(Beginning of Dataset content)

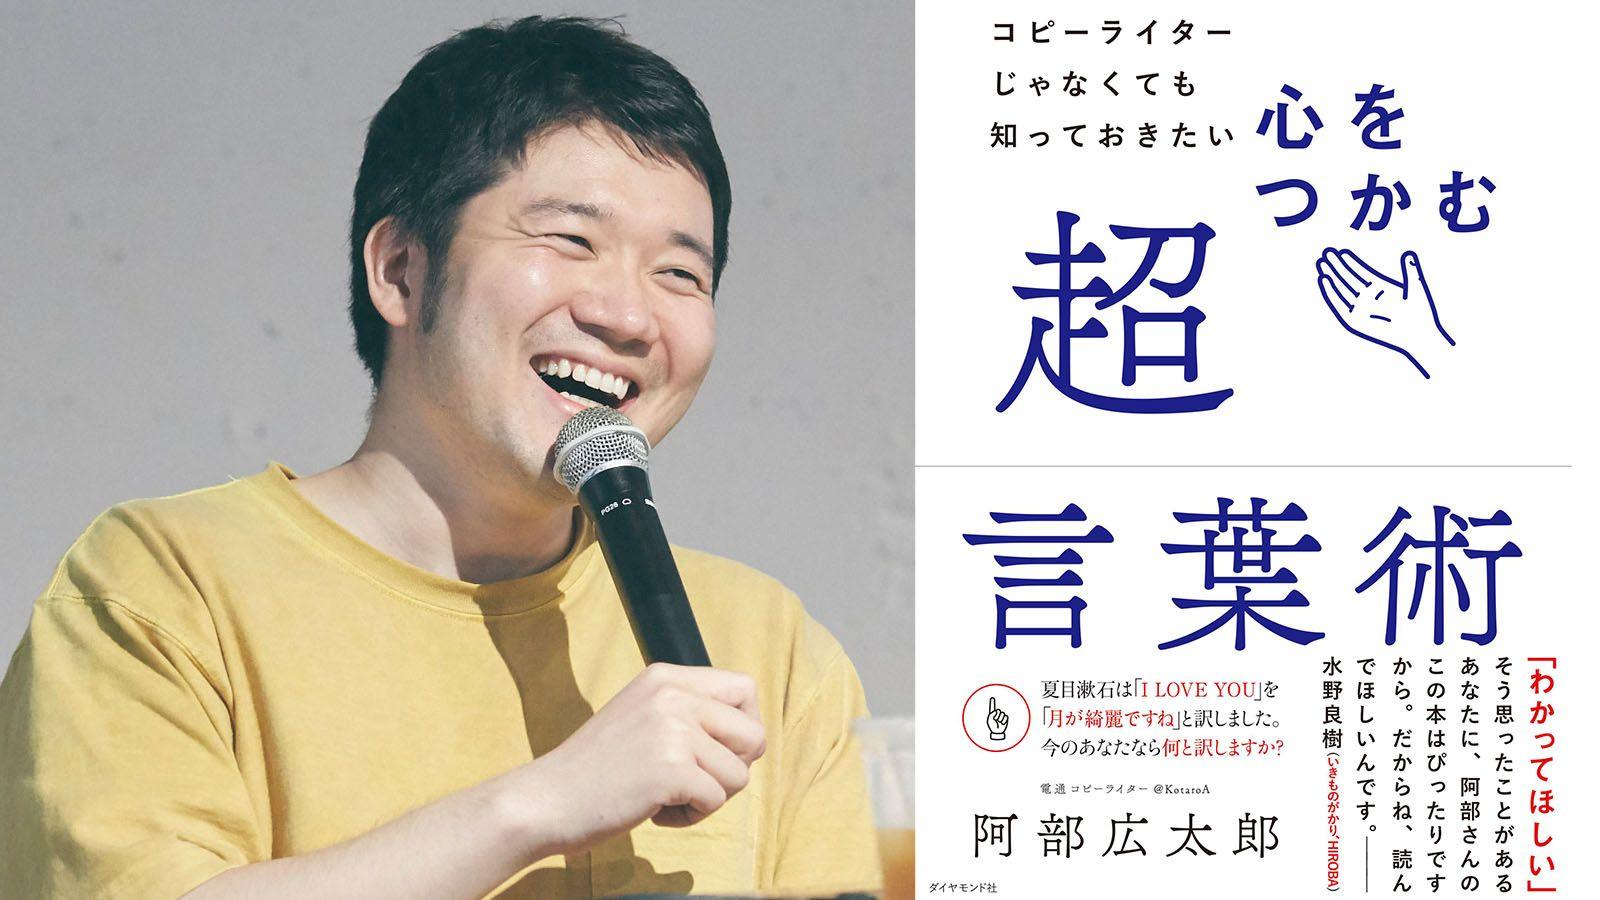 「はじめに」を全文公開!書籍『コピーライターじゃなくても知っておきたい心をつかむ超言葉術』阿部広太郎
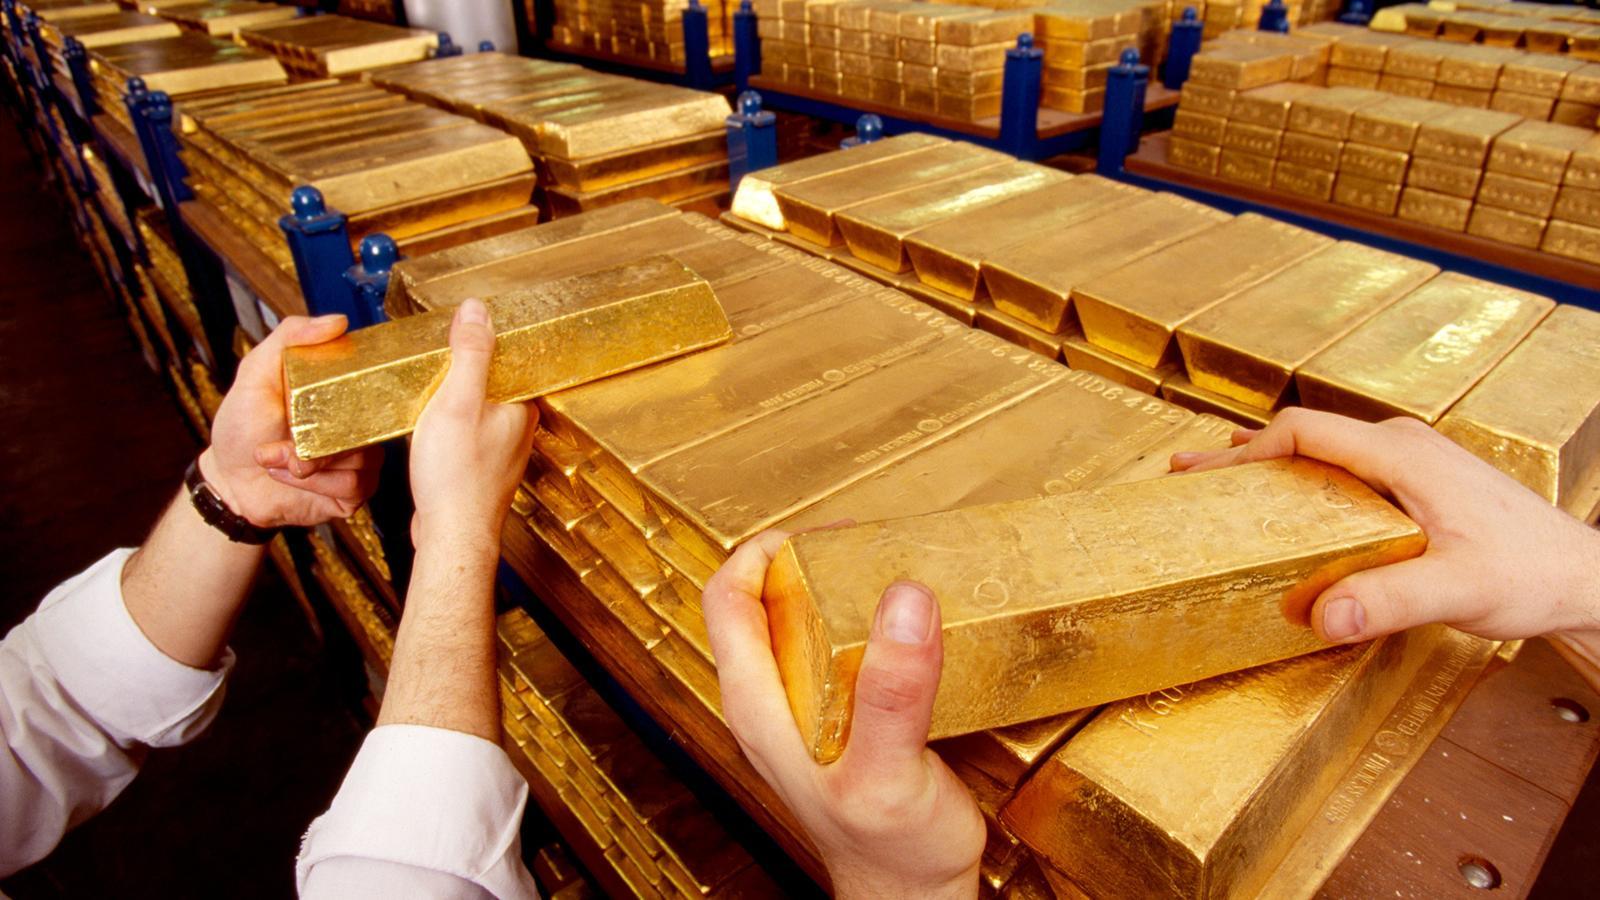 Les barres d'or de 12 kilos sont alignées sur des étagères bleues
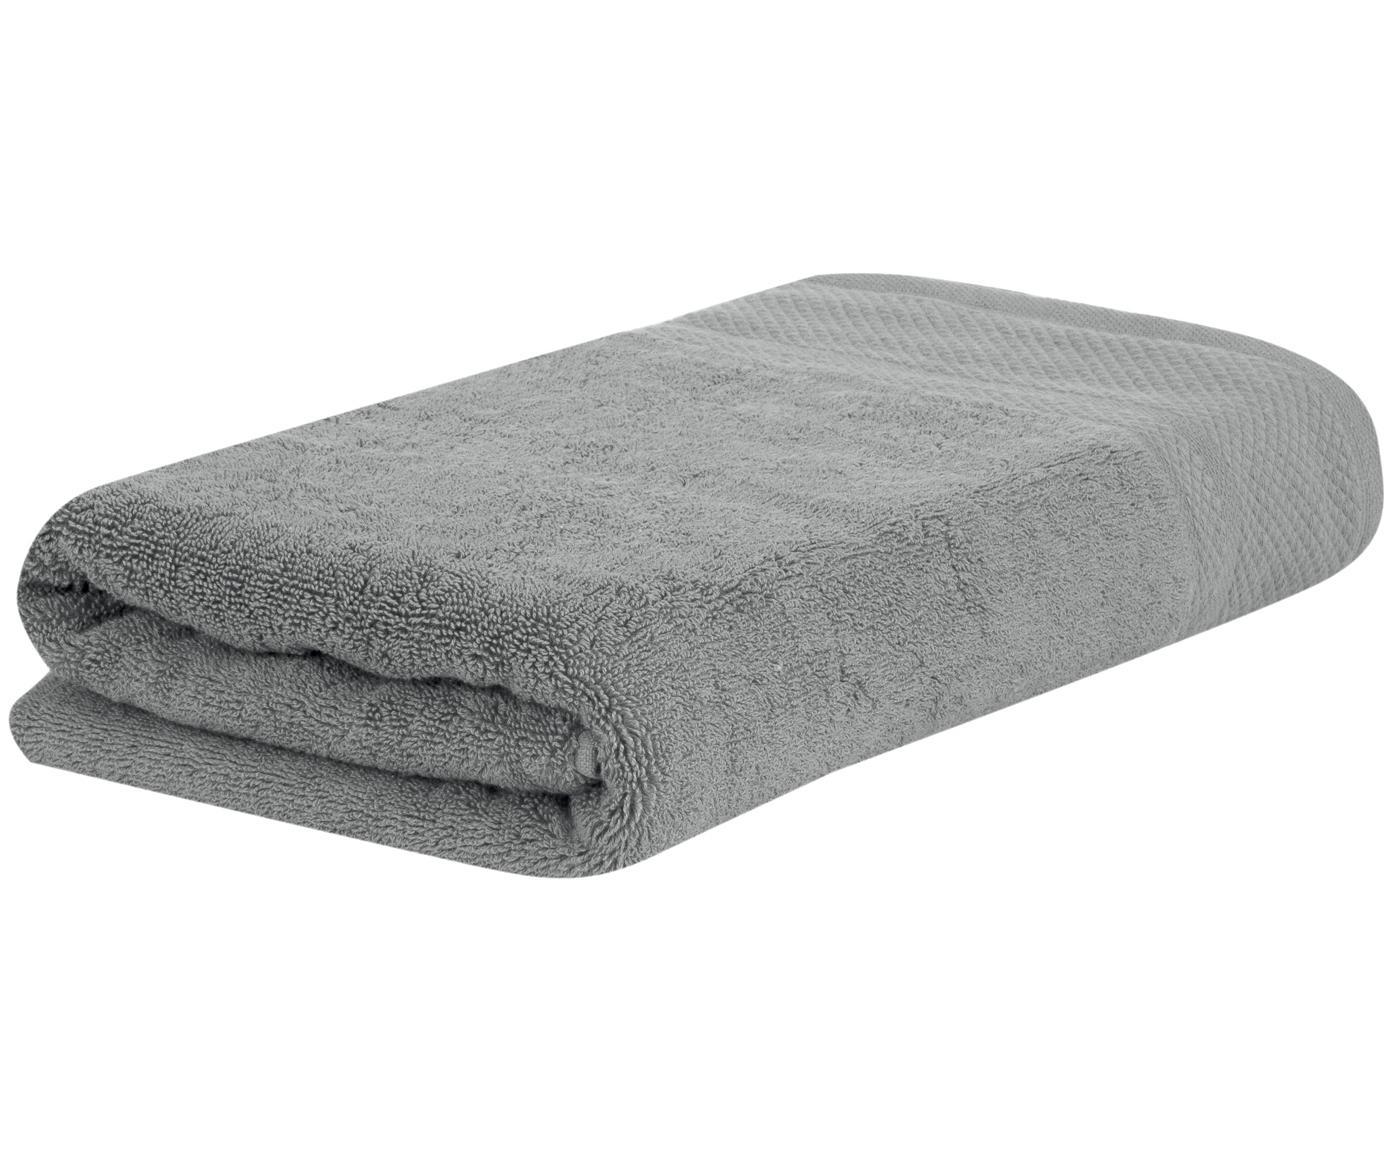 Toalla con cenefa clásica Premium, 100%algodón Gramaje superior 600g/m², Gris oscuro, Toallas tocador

(End of Dataset content)

• **Exercise directions**
The listing above should be repeated word for word, with every image left out.

• **Answer to the problem**
 「はじめに」を全文公開!書籍『コピーライターじゃなくても知っておきたい心をつかむ超言葉術』阿部広太郎
 Les barres d'or de 12 kilos sont alignées sur des étagères bleues
 Toalla con cenefa clásica Premium, 100%algodón Gramaje superior 600g/m², Gris oscuro, Toallas tocador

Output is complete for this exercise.